Renrui expects 2022 revenue to be down between 19.8% and 28.3% year over year to between RMB 3,400 million (USD 490.9 million) and RMB 3,800 million (USD 548.7 million), according to preliminary numbers.

The company also expects a loss attributable to equity holders of between RMB 5.0 million (USD 721,910) and RMB 13.0 million (USD 1.9 million) for 2022. That compares to profit attributable to equity holders of the company in 2021 of approximately RMB 102 million (USD 16.0 million).
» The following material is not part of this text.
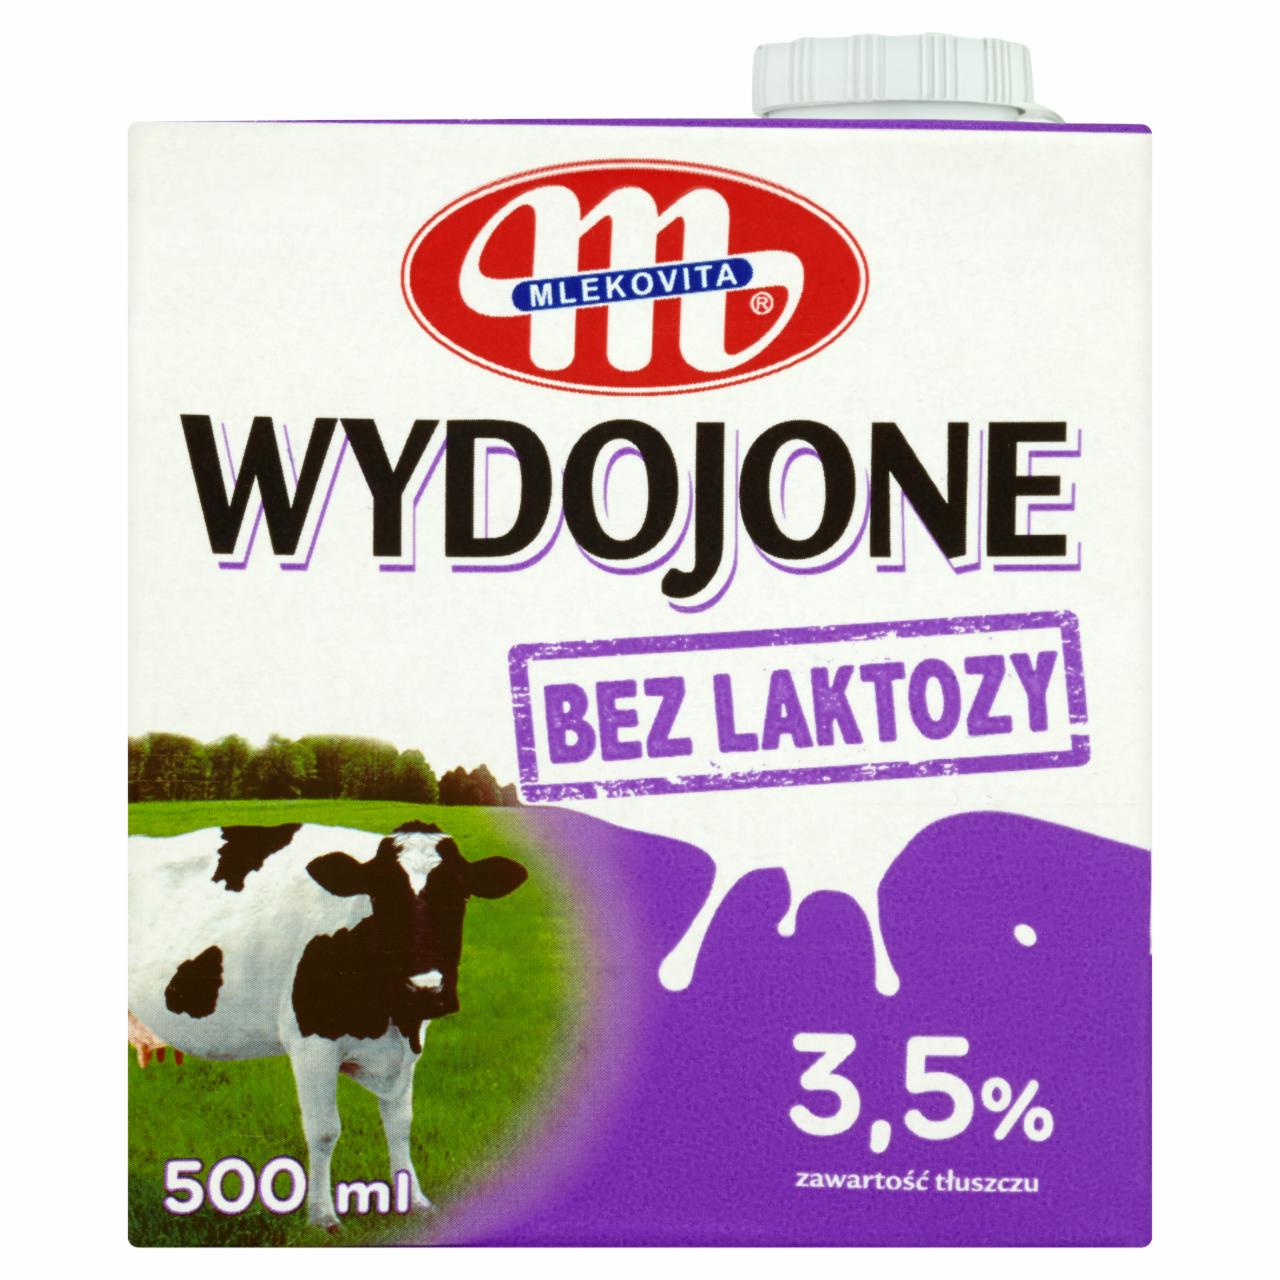 Zdjęcia - Mlekovita Wydojone Mleko bez laktozy 3,5% 500 ml

China’s measures to combat Covid-19 impacted results by causing a decline labor demand and making it more difficult for the group to serve customers. However, Renrui noted the measures have been gradually relaxed over the year.

Final annual results for the year ended 31 December 2022 are expected to be published by the end of March.

Share price and market cap

Shares in Renrui closed up 2.64% to HKD 4.27 (USD 0.55) on Monday in Hong Kong; they were 9.49% above their 52-week low, according to FT.com. The company had a market cap of HKD 651.87 million (USD 83.7 million million).